__Problem description__: Your reply must contain the full listing below, reproduced exactly, but no pictures.

__Data section__:
══════
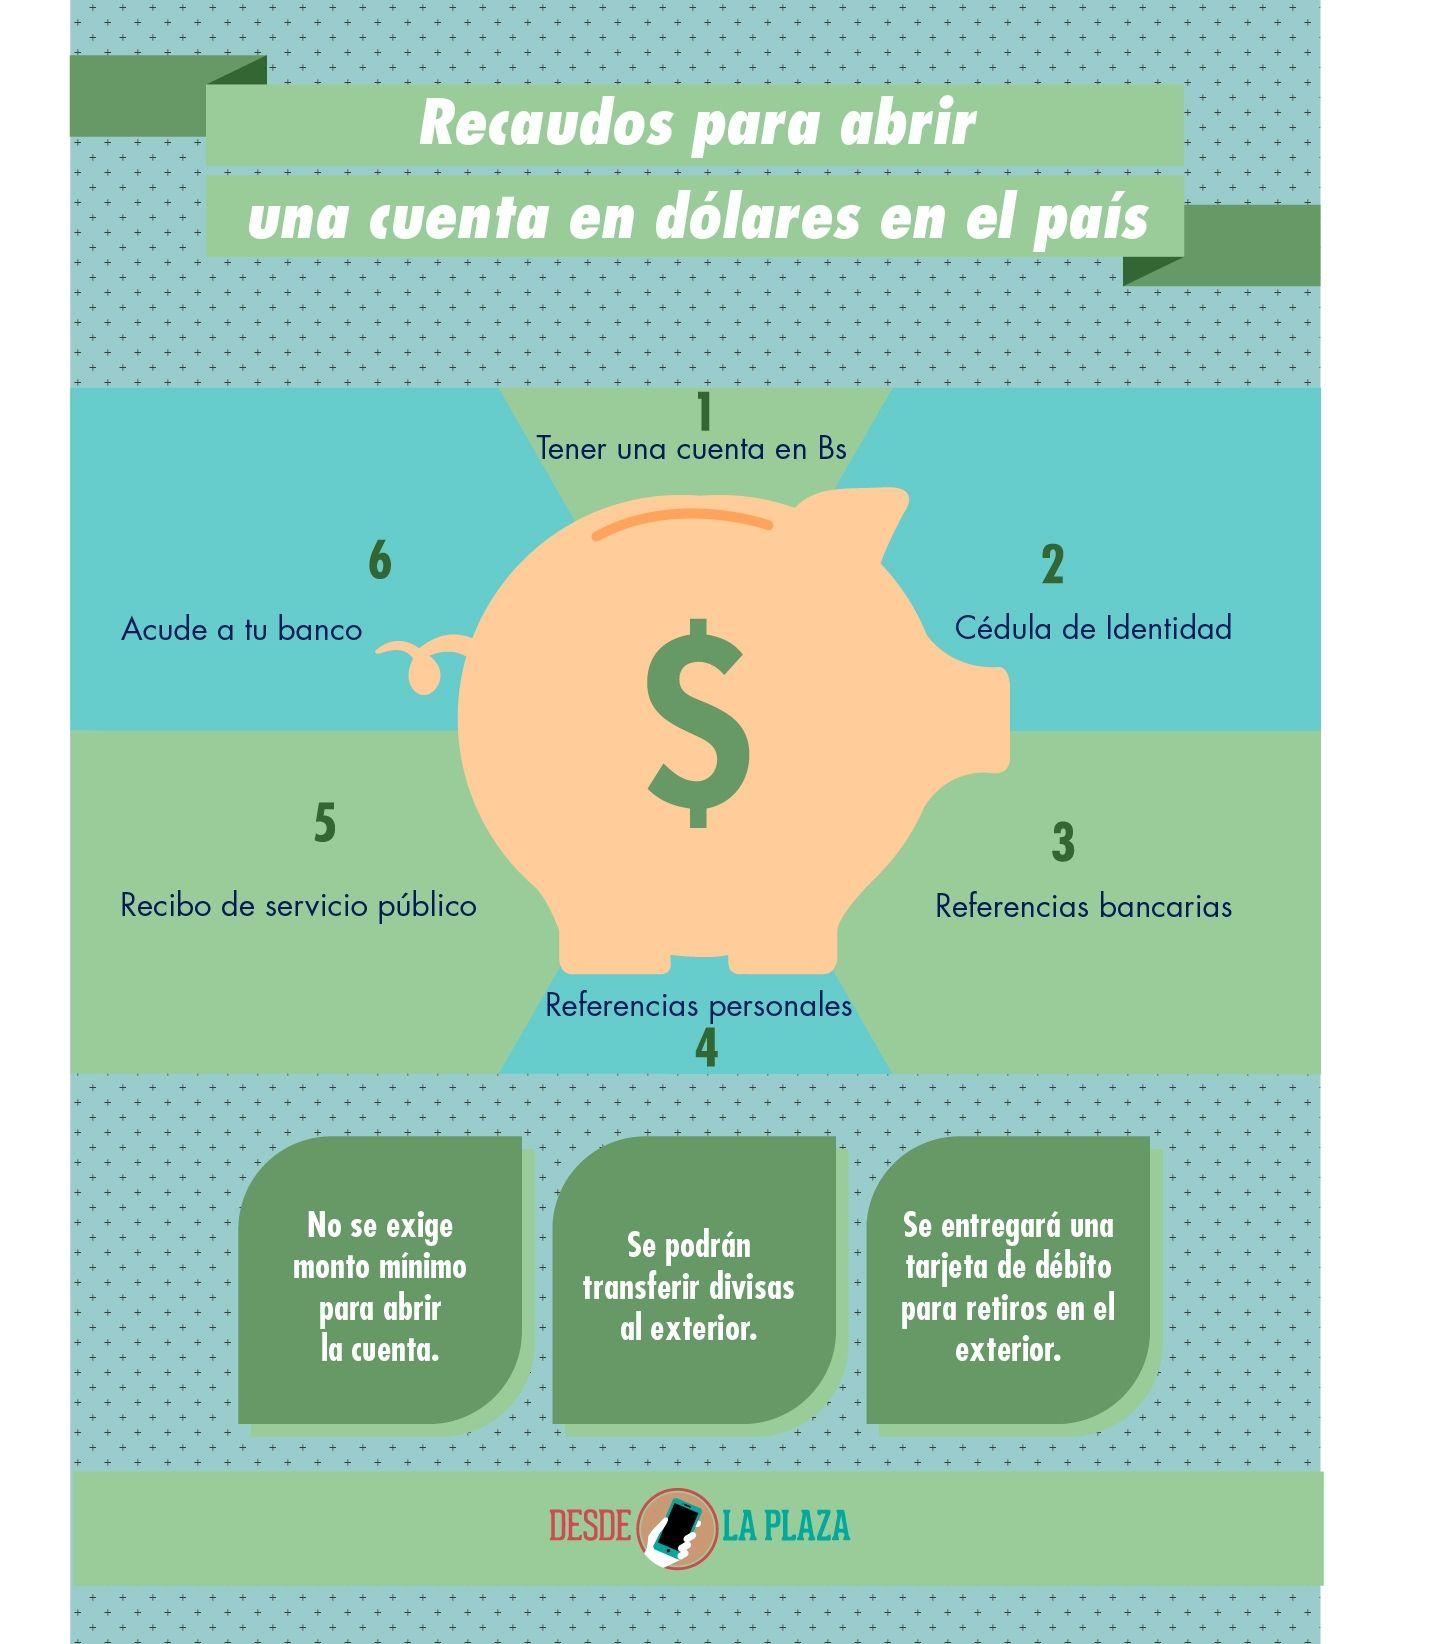 Cómo abrir una cuenta en dólares
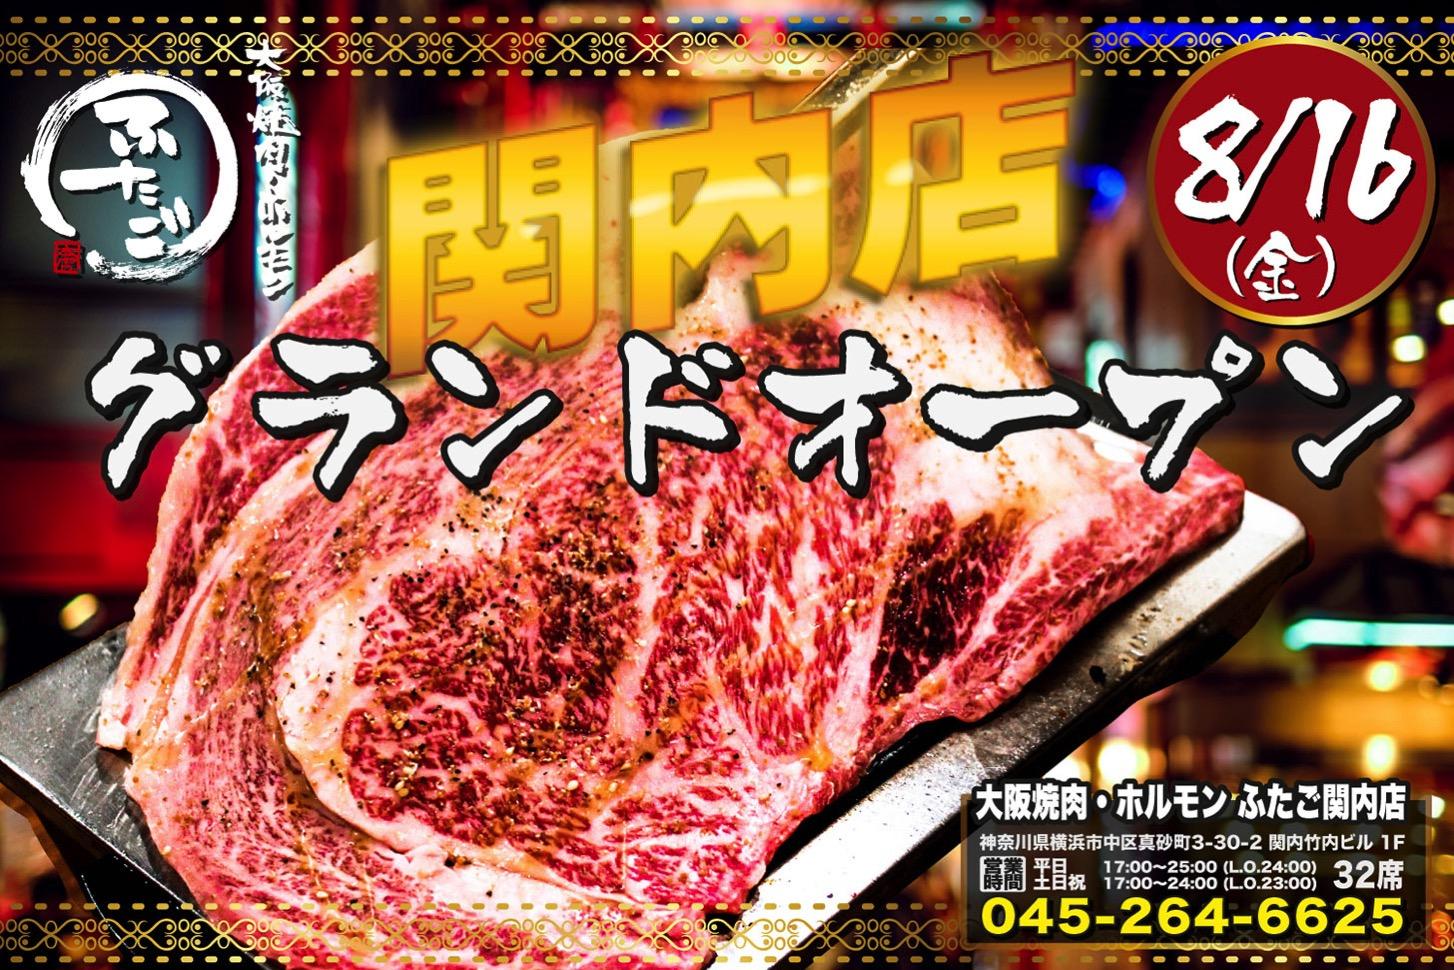 大阪焼肉・ホルモン ふたごが関内に上陸!黒毛和牛のはみ出るカルビ
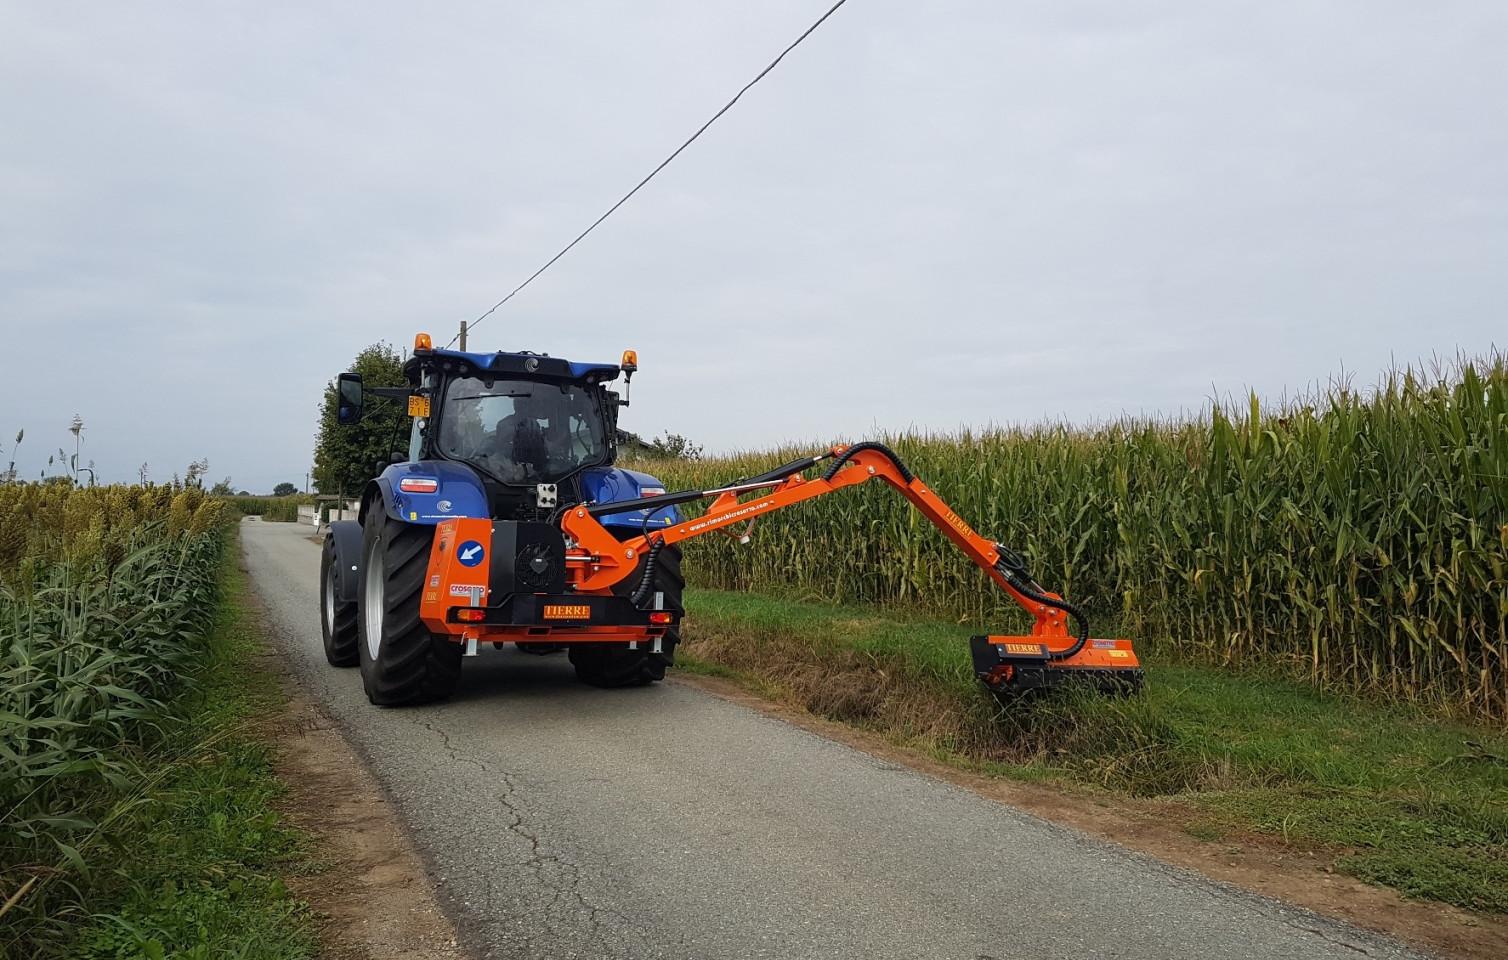 arm-mower-brushcutter-boom-flailmower-mamba-tierre-3
══════
__Exercise response__:
 Cómo abrir una cuenta en dólares
 大阪焼肉・ホルモン ふたごが関内に上陸!黒毛和牛のはみ出るカルビ
 arm-mower-brushcutter-boom-flailmower-mamba-tierre-3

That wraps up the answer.